Пускай один тот камень, но свойств набор таков:
Он все в себе три свойства способен совместить,
Но как же может Золото в себе всё то носить?
Явили прародители вещь эту в мире сём
И будто бы в животном он прежде был, о чём
Ещё никто детально из смертных не писал,
Но микромиром каждый из мудрых бы назвал.
Ведь много он имеет свойств разных и чудес,
И ты, Меркурий, знаешь, каков моих слов вес.
Философы известные, какими славен мир,
Названье тому камню придали: «Эликсир».
Его производили из ртутных встарь камней,
И красное, и белое он совмещал в себе.
И это, видно, Золоту известно хорошо!
Его высокомерие уж далеко зашло,
Поэтому молчит пусть и не бранит других,
И больше, чем положено, не хвалит свойств своих.
Да, вспомним, как сказало здесь про каменьев дар,
Про то, что духовенство – его поклонник чар.
А я скажу: «Сомненье меня при том берёт,
И то высокомерье свободу мне даёт».
Да, признаю я, разных камней я не ношу,
Не дарят мне рубинов, алмазов, но скажу,
Что камень получаю один порой и я,
В союзе с этим камнем есть польза от меня.
И камень этот – жернов, он мукомолен честь,
Заслуг моих и прочих довольно сложно счесть.
Любой гранится камень при помощи моей,
Искусства и ремёсла с весьма древнейших дней
Меня высоко ценят, я колыбель творю,
Дарю плуг земледельцу и для вина бадью.
И в каждом производстве я ведь необходим,
В оружии и латах – и на войне носим.
Я в горести и счастье, повсюду я и здесь,
А потому отставьте тревожить мою честь!
Для скорняка, сапожника, а так же для швеи –
Игла я, между прочим, и в том дела мои,
Что б рыбаку крючок дать, а рыцарям – их меч,
Что б те могли раздоры и смуты все пресечь.
На поле ратном, в чаще, средь мирного труда
Я самый настоящий помощник, мил всегда.
Я возвожу строенья, чего никак нельзя
И попытаться Золоту, работа то моя.
И хоть с моим участием порой творится зло,
За что в запале Золото меня ругать взялось,
Но поневоле это свершается со мной,
Вина иль небольшая, иль вовсе никакой
Во всех тех беззакониях моей особо нет,
Является ведь Золото причиной этих бед,
Ведь род людской от похоти безумствует по ней,
По той девице сохнет, раб алчности своей.

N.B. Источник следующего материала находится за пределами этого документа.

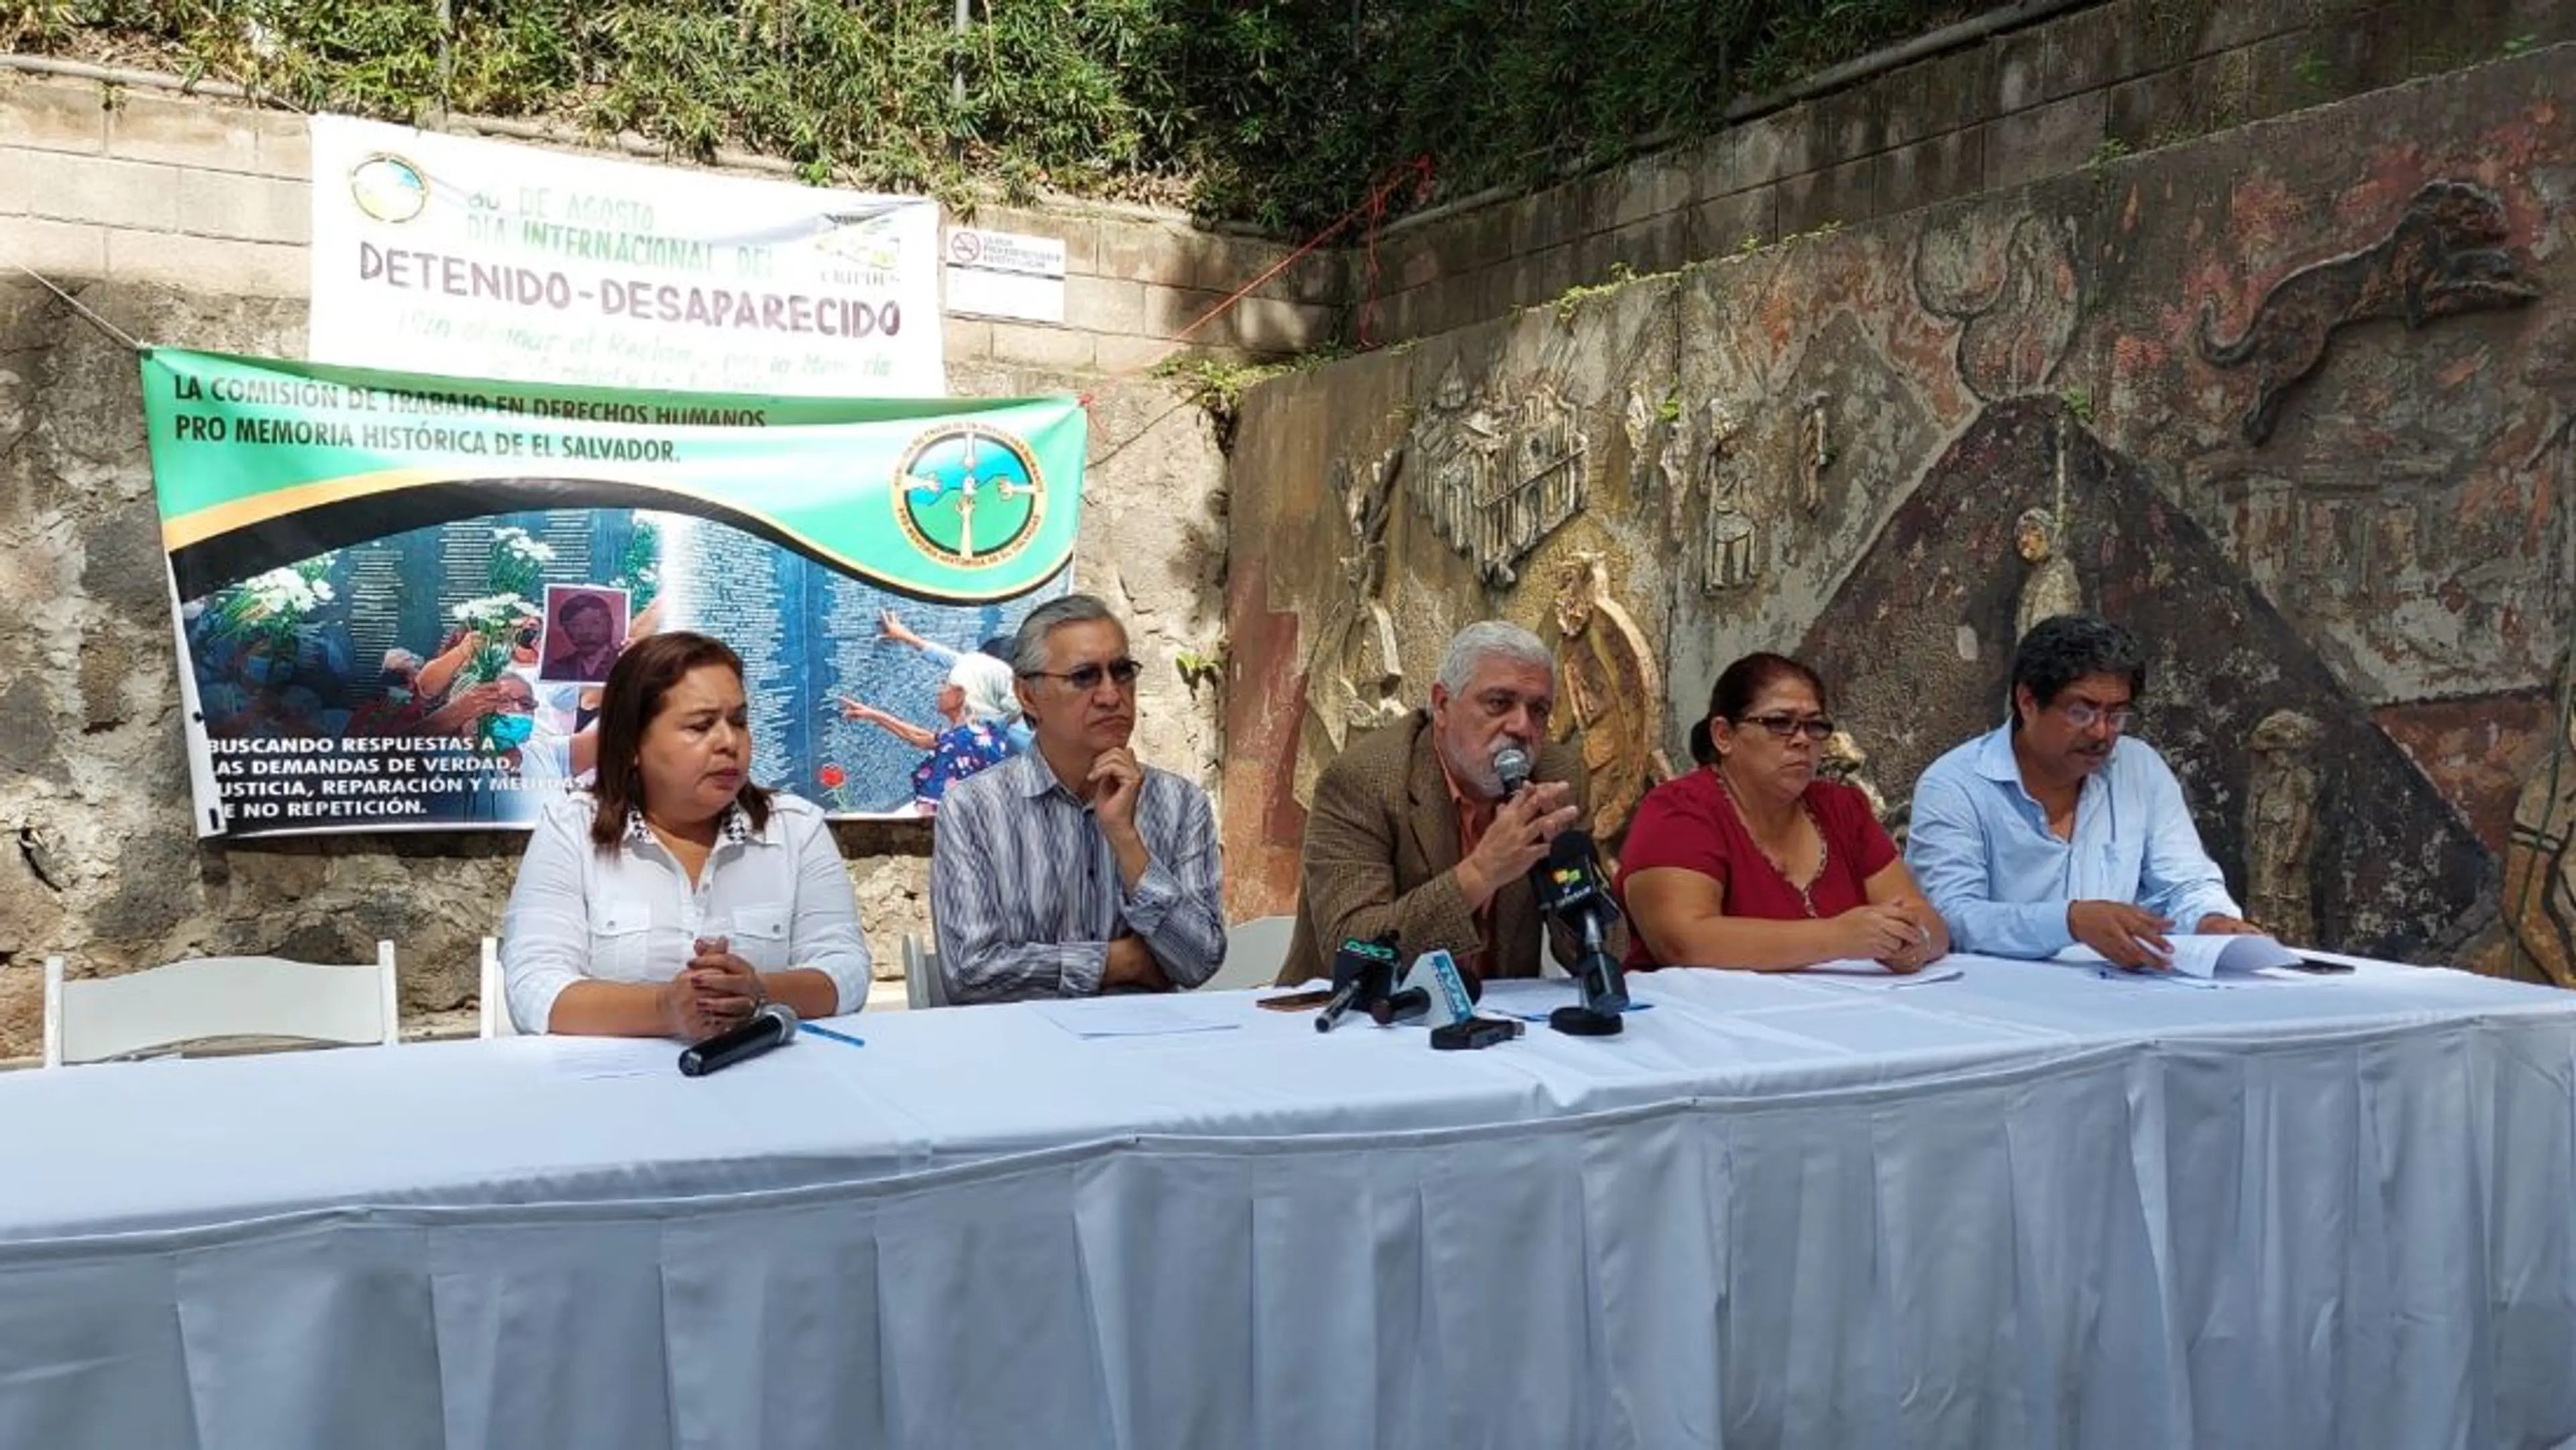 Members of Tutela Legal denouncing illegal detentions

Коль гнев и зависть меньше бы владели здесь людьми,
То дома б оставался я, не стал бы выходить
Туда, где много мерзкого и гнусного стряслось
Лишь для добычи Золота, страданий бы принос
И горя прекратился бы тот, что творился мной,
И я тогда обрёл бы желанный всем покой.
Доверие тогда бы от всех я б получил,
Не я же ведь убийца, а тот, кому служил.
Деревья избавляю я от сухих ветвей,
Червей всех истребляю, вредителей полей,
Во всех делах на свете используют меня,
В строительстве и пахоте, с достоинством ценя.
Даю кормиться каждому я, и не как она –
Я не отвергну жаждущих, гордыня мне чужда.
Лишь тот, кто презирает меня, тот мной презрен,
Для нищего я к лучшему начало перемен.
В беде я помогаю, раздоры прекращу,
Нечестных покараю, достойных защищу.
Храню я справедливость, поддерживаю мир,
А Золото не может, самой себя кумир!
Везде царило б право, и лучше всем жилось,
Когда б не умножало оно на свете ложь.
Я друг для всех: для бедного, а так же богача.
Так для чего бесчестить меня ей сгоряча?
Ведь я замок для Золота, запор его и ключ,
Защита ему верная и путеводный луч.
Да без меня самой ей не обойтись никак,
Явить её могу я, дать форму ей и знак.
Я голос дам для мессы и колокольный звон,
И в радости с печалью я с мудрым сопряжён.
Но сам ни огорченья не ведаю тогда,
Ни бурного веселья, а просто, как всегда,
Служу лишь справедливости и только ей одной,
Что б дать добру дорогу, зло истребив собой.
Я на переднем крае, в событий густоте
Без страха и сомнения всегда на высоте.
Достоинства, пожалуй, свои перечислять
Пора уж прекратить мне, нелепо восхвалять,
Однако, было Золоту здесь самое себя.
Добавлю, в завершение, о господин судья,
Фраз несколько об истинном здесь положенье дел,
Что б положить бахвальству истицы той предел.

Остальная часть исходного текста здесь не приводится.